[Start of Attachment]

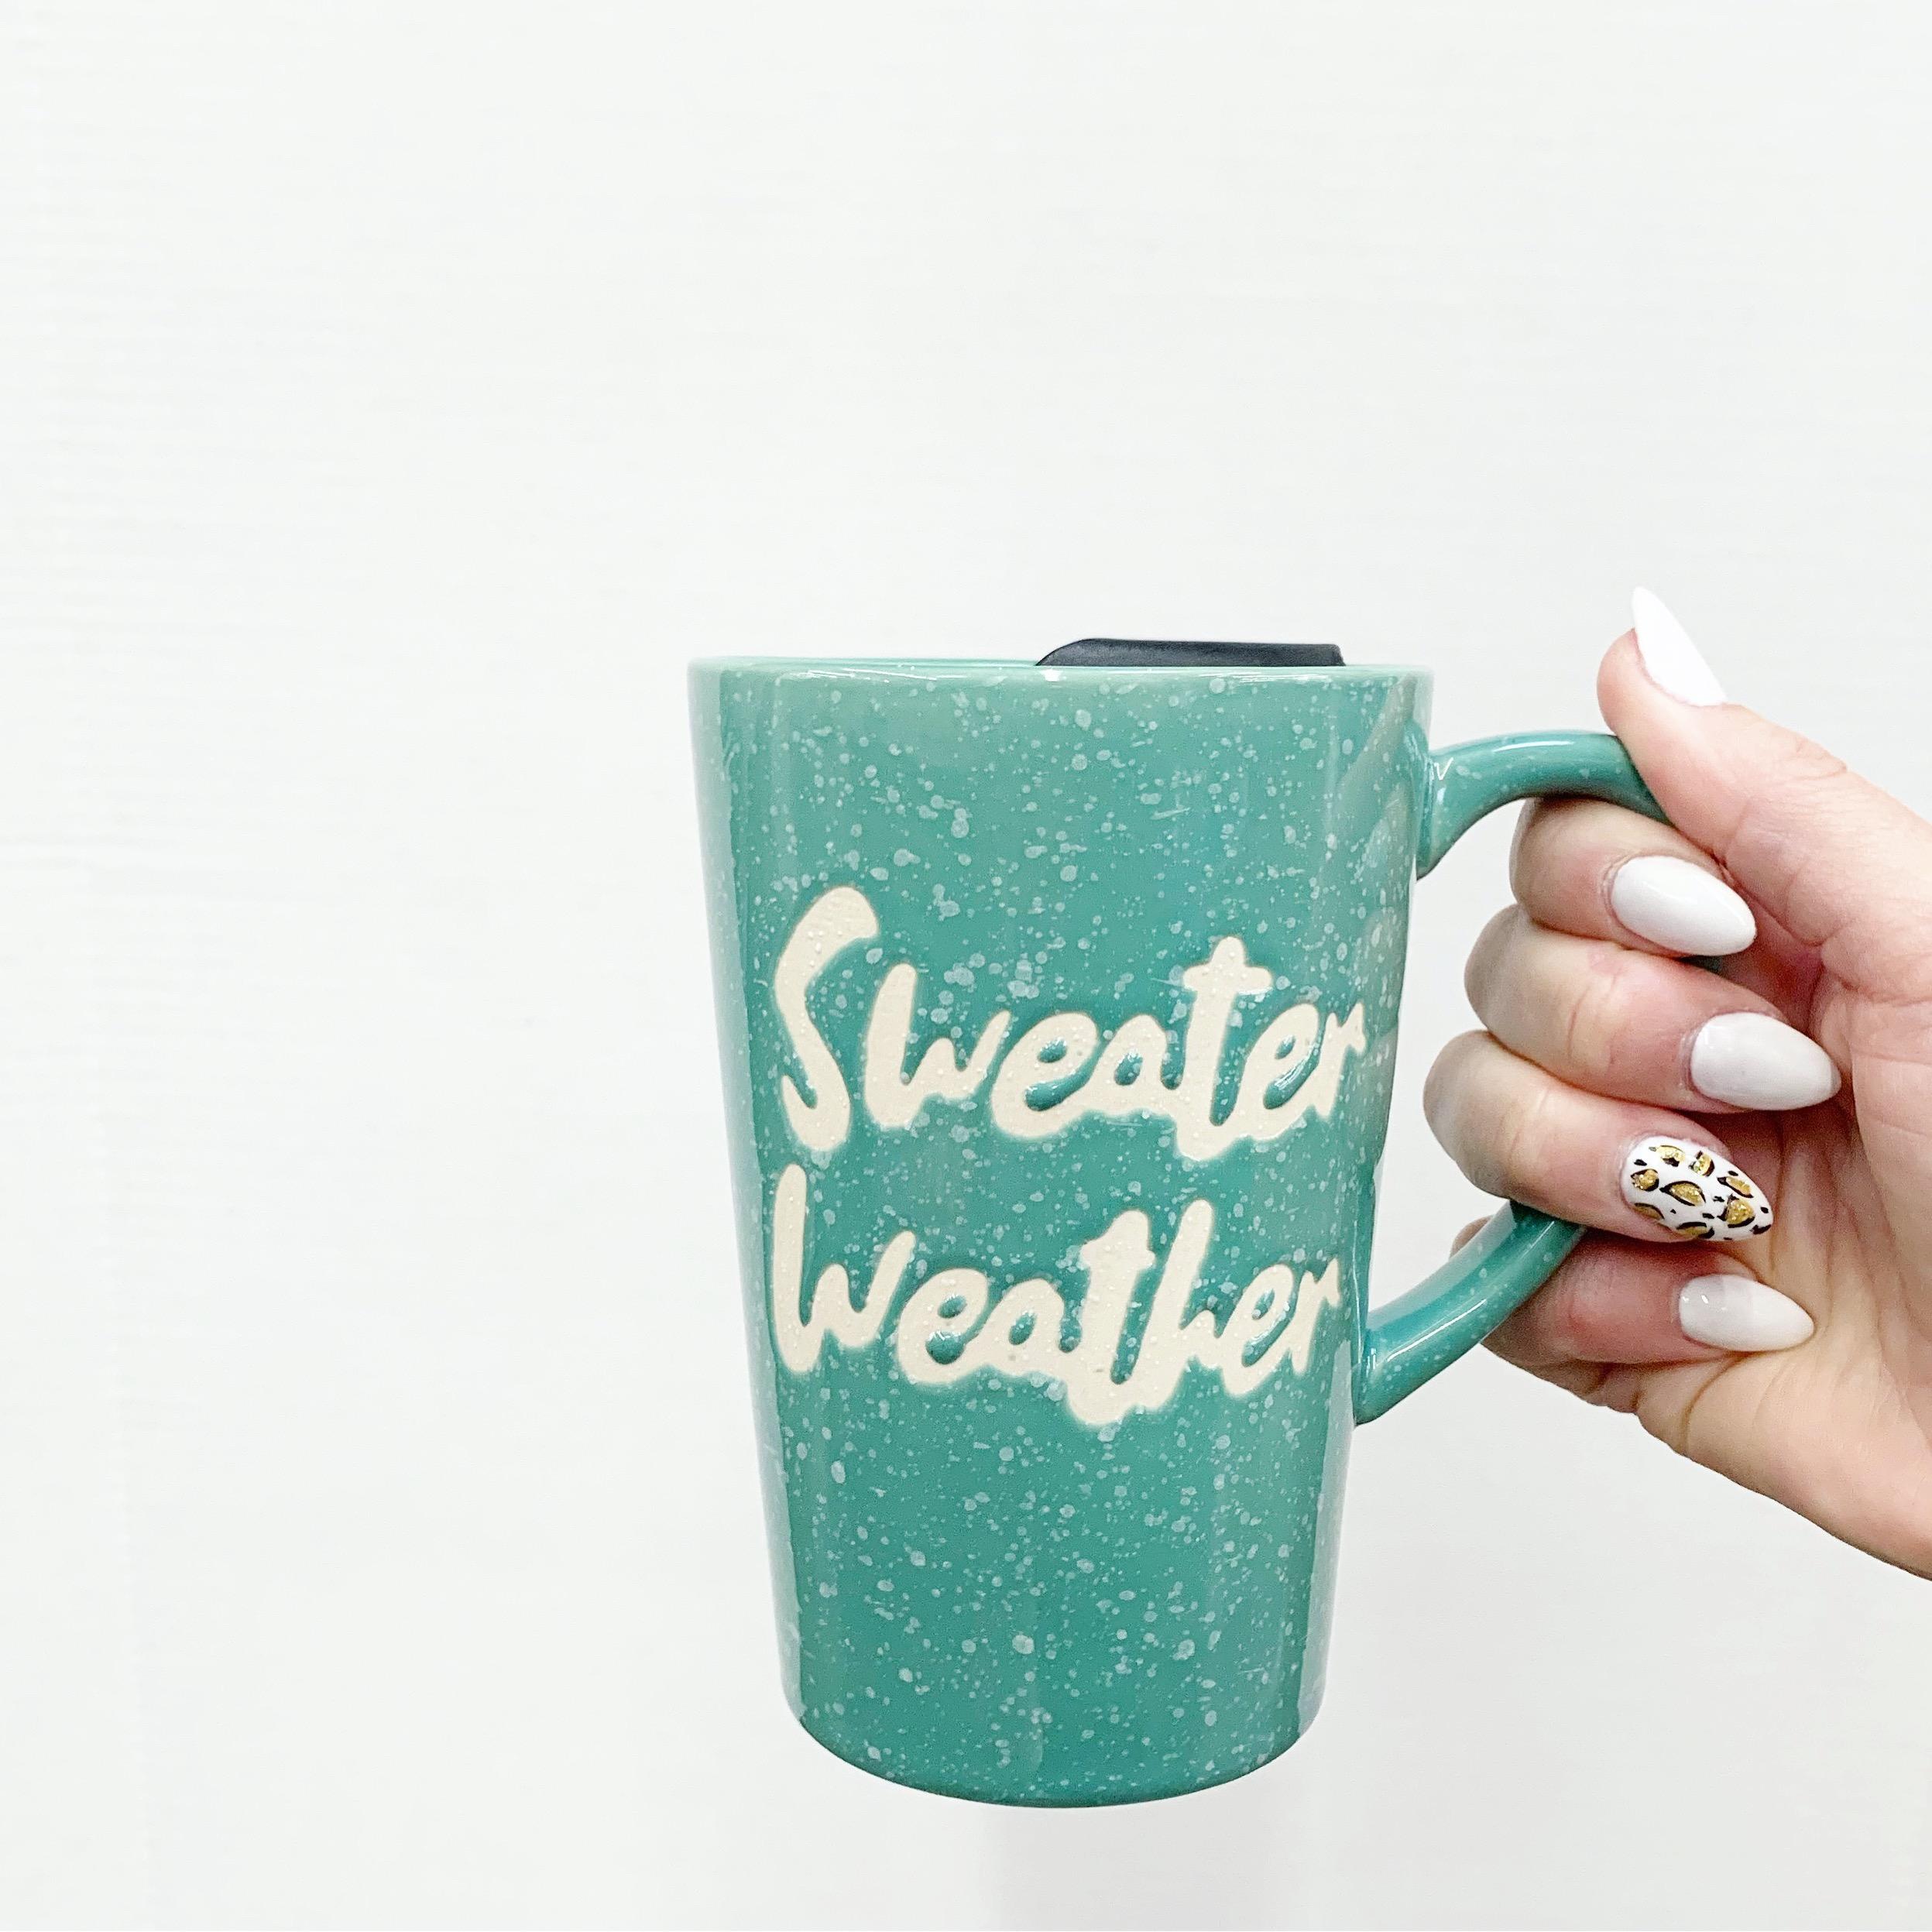 green coffee mug that says sweater weather
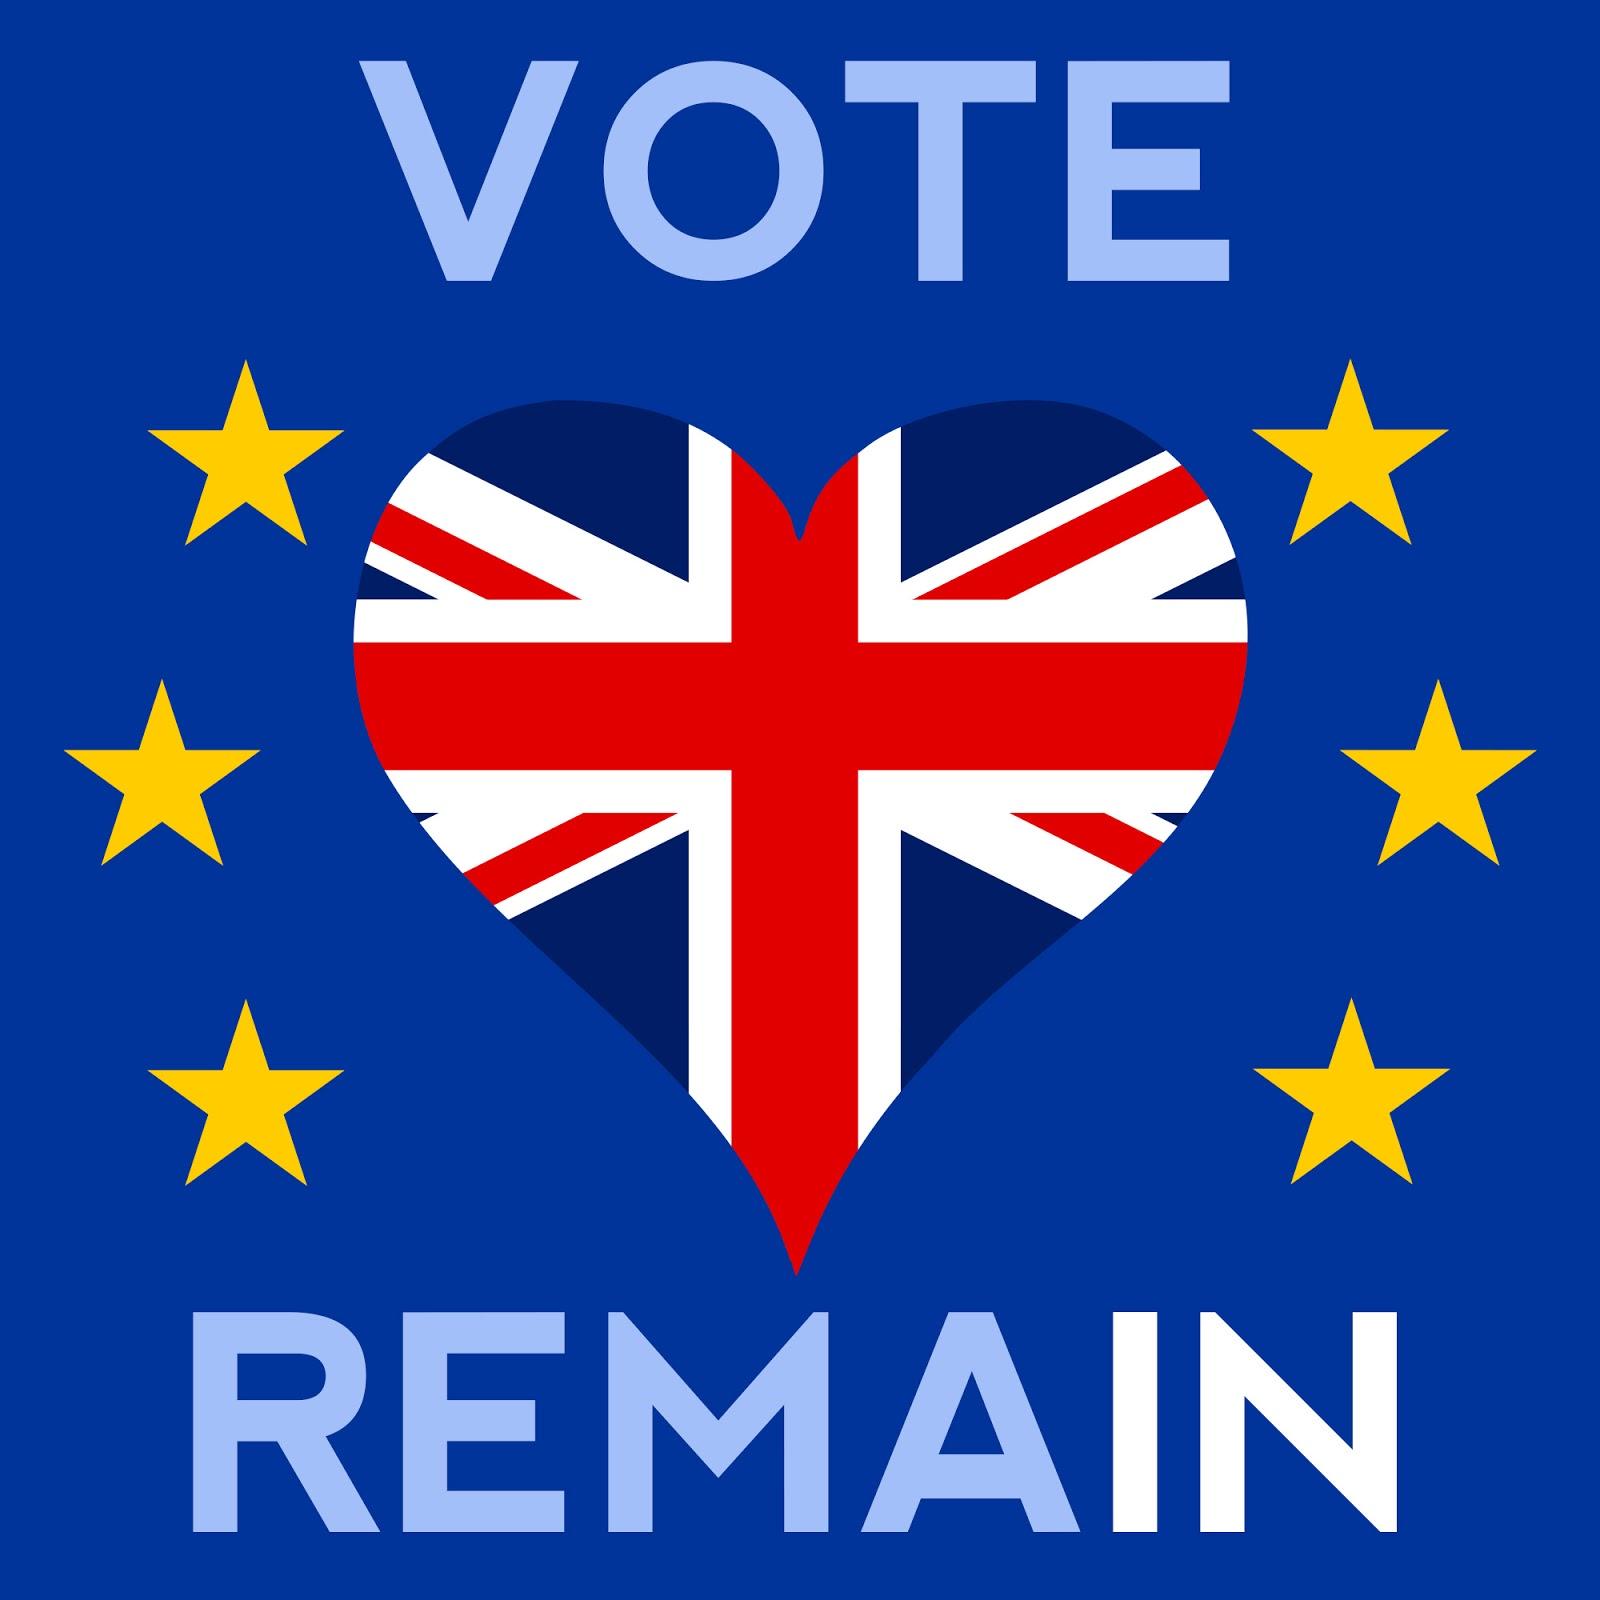 Jez Kemp's Blog: Vote Remain, for a positive UK future
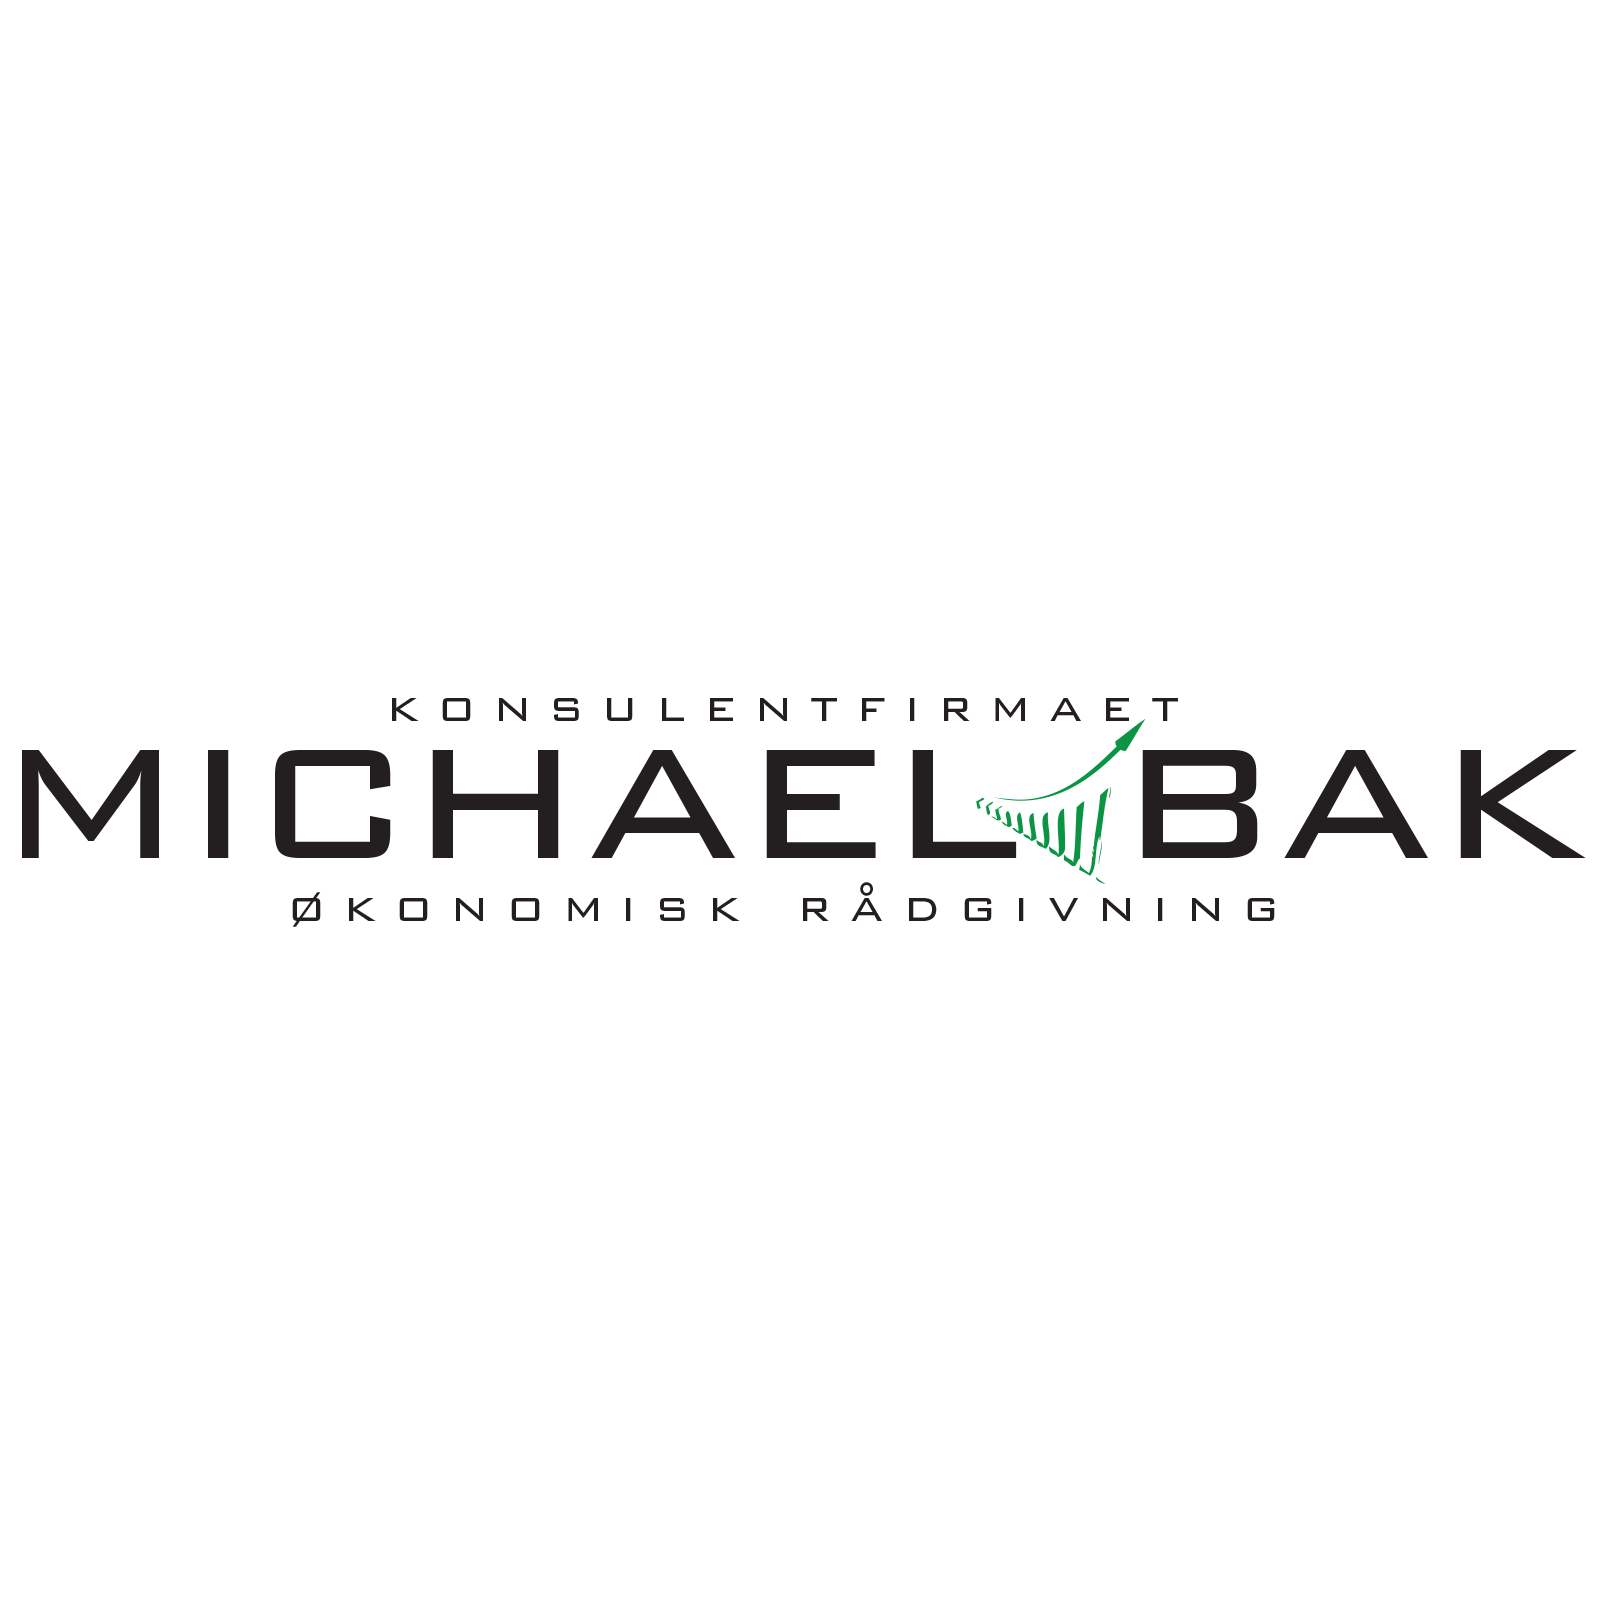 Konsulentfirmaet Michael Bak | Økonomisk Rådgivning

[End of Attachment]

_YOUR TASK_: Print the data once more without any change, skipping each picture.

_SOLUTION TO THIS TASK_:
 green coffee mug that says sweater weather
 Jez Kemp's Blog: Vote Remain, for a positive UK future
 Konsulentfirmaet Michael Bak | Økonomisk Rådgivning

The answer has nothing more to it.